FIG. 1 is a block diagram showing an embodiment of the present invention.

FIG. 2 is a block diagram showing an example of a conventional semiconductor integrated circuit device.

3A is an explanatory timing chart of the block diagram shown in FIG. FIG. 4B is a timing chart for explaining a malfunction of the block diagram shown in FIG.

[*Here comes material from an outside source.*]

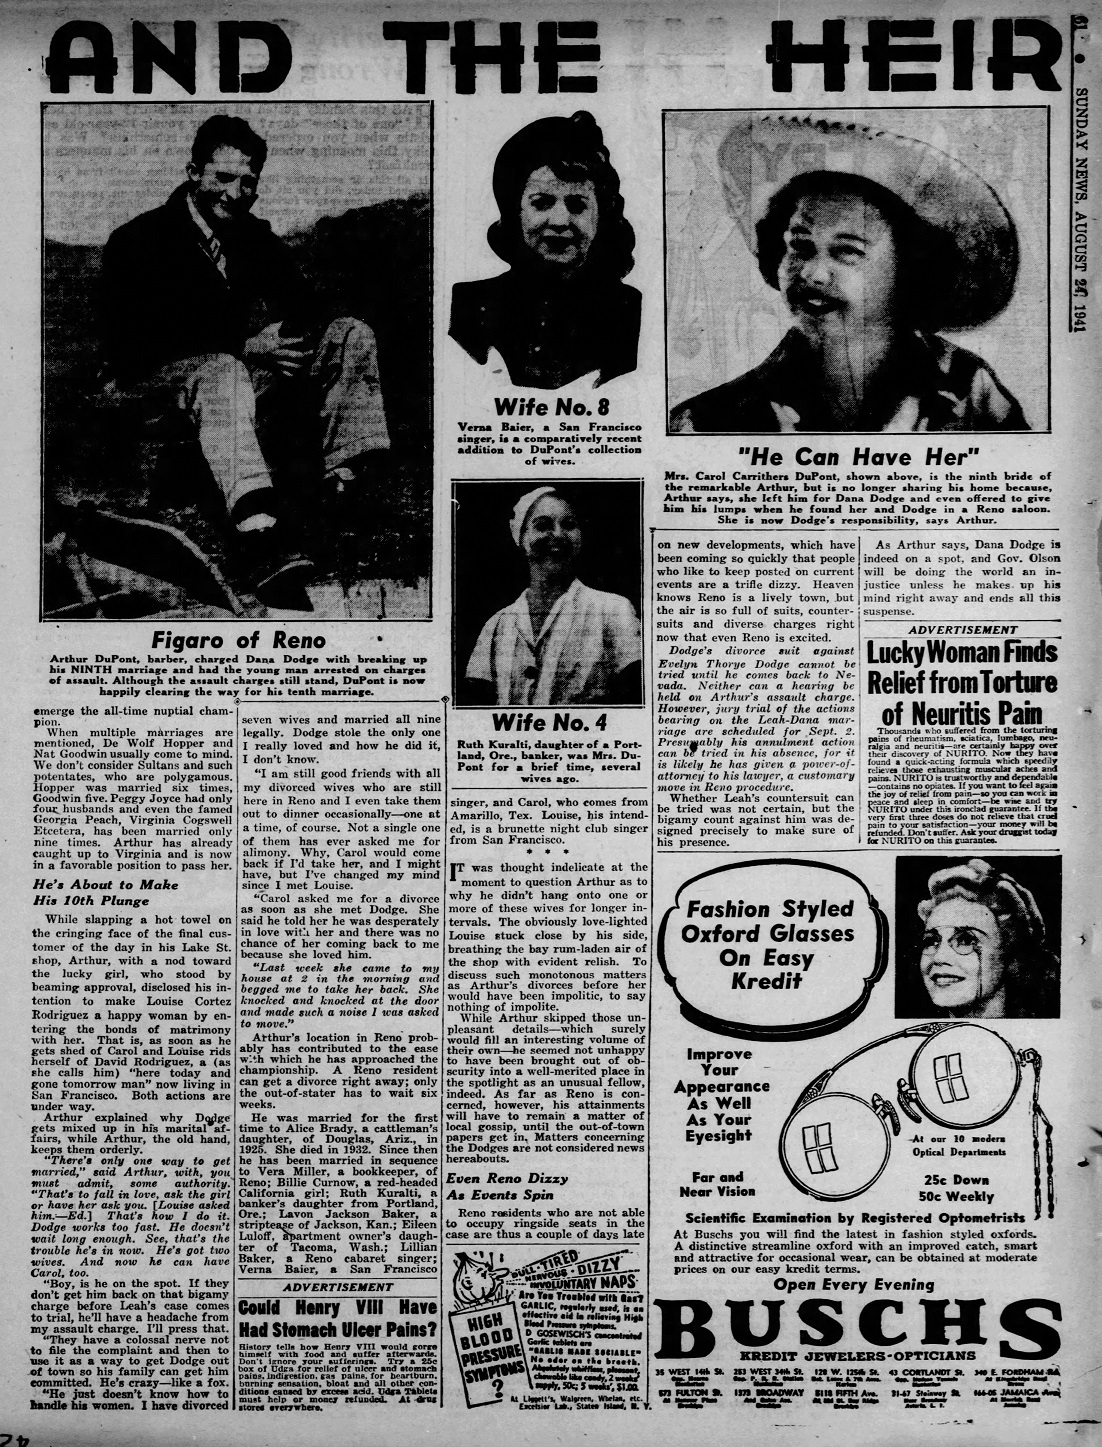 Daily_News_Sun__Aug_24__1941_(11).jpg
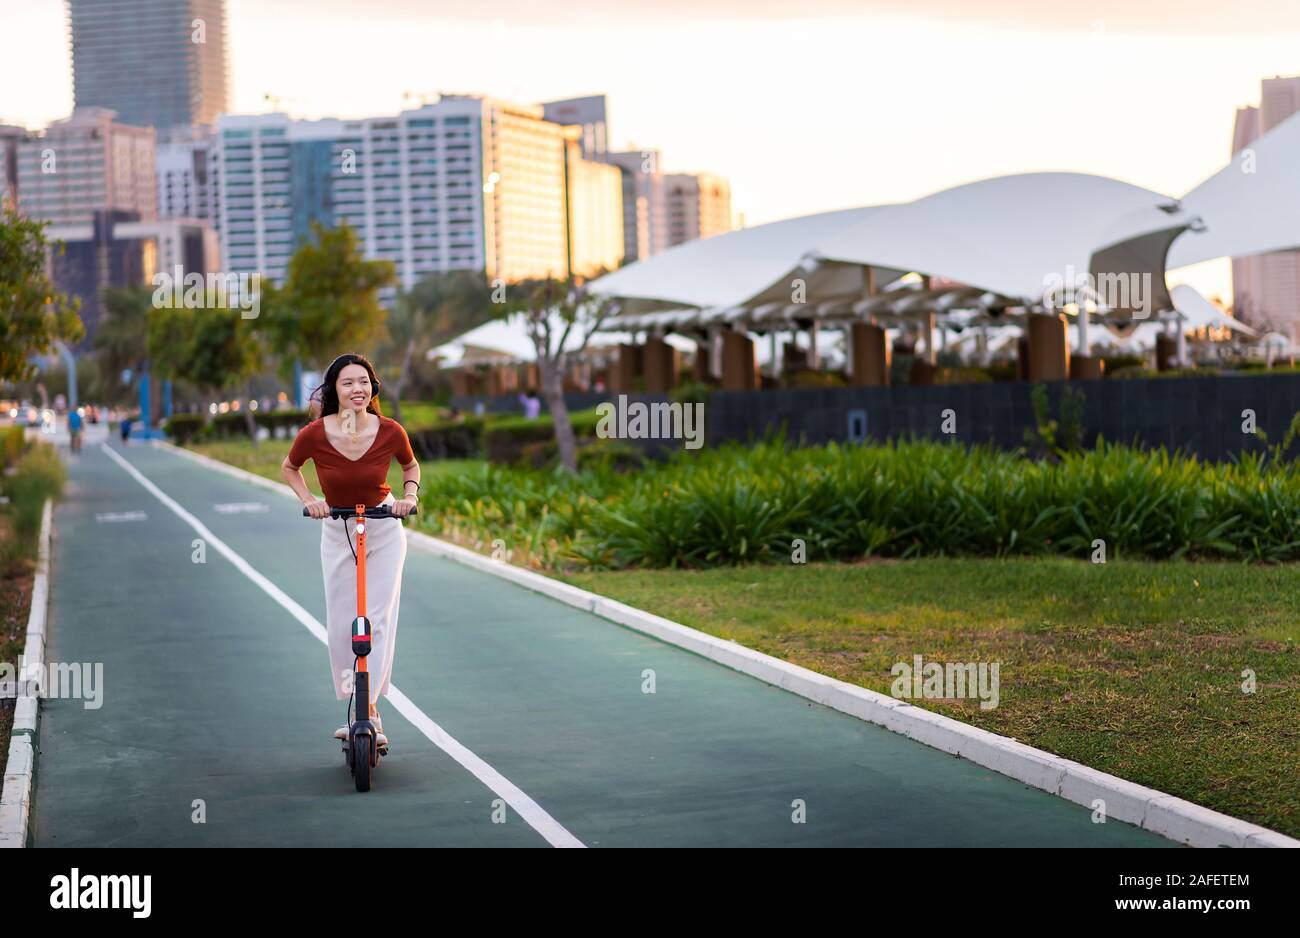 Frau reiten Elektroroller für den Transport in einer modernen Stadt Umgebung Stockfoto

FIG. 4 is a block diagram showing another example of a conventional semiconductor integrated circuit device.

[Explanation of symbols]

 1, 2 Selector 3, 4 Delay circuit 5, F1, F8 Flip-flop circuit 6 Data signal input terminal 7 Clock signal input terminal 8, 9, 81-88, 91-98 Control signal input terminal 10 EEPROM 11, 12, 15, 16 AND gate 13, 17 OR gate 14, 18 Inverter 101 Input circuit unit 102 Output circuit unit 103 Column decoder 104 Row decoder 105, 106 Level shifter 107-110 Transistor 111, 112 cell A1-A4 Address input DI1-DI8 Setting data input terminal DO1 to DO8 Control signal (EEPROM output signal) CA1, CA2 Column decoder output RA1 Row decoder output

Claims (2)

[Claims] 1. A semiconductor integrated circuit device comprising a control means for delaying an input signal by a delay circuit for a predetermined time, and selectively outputting at least one of the delayed signal and the input signal, wherein the selecting means has a predetermined value. A plurality of selectors for selectively outputting the delayed signal and the input signal in response to the control signal of the control signal, and an electrically erasable rewritable read-only read control program in which the control signal supplied to the selectors is preprogrammed. A semiconductor integrated circuit device characterized by being configured by combining with a memory. 2. The semiconductor integrated circuit device according to claim 1, further comprising a plurality of flip-flops to which a data signal and a clock signal are respectively supplied via said selecting means.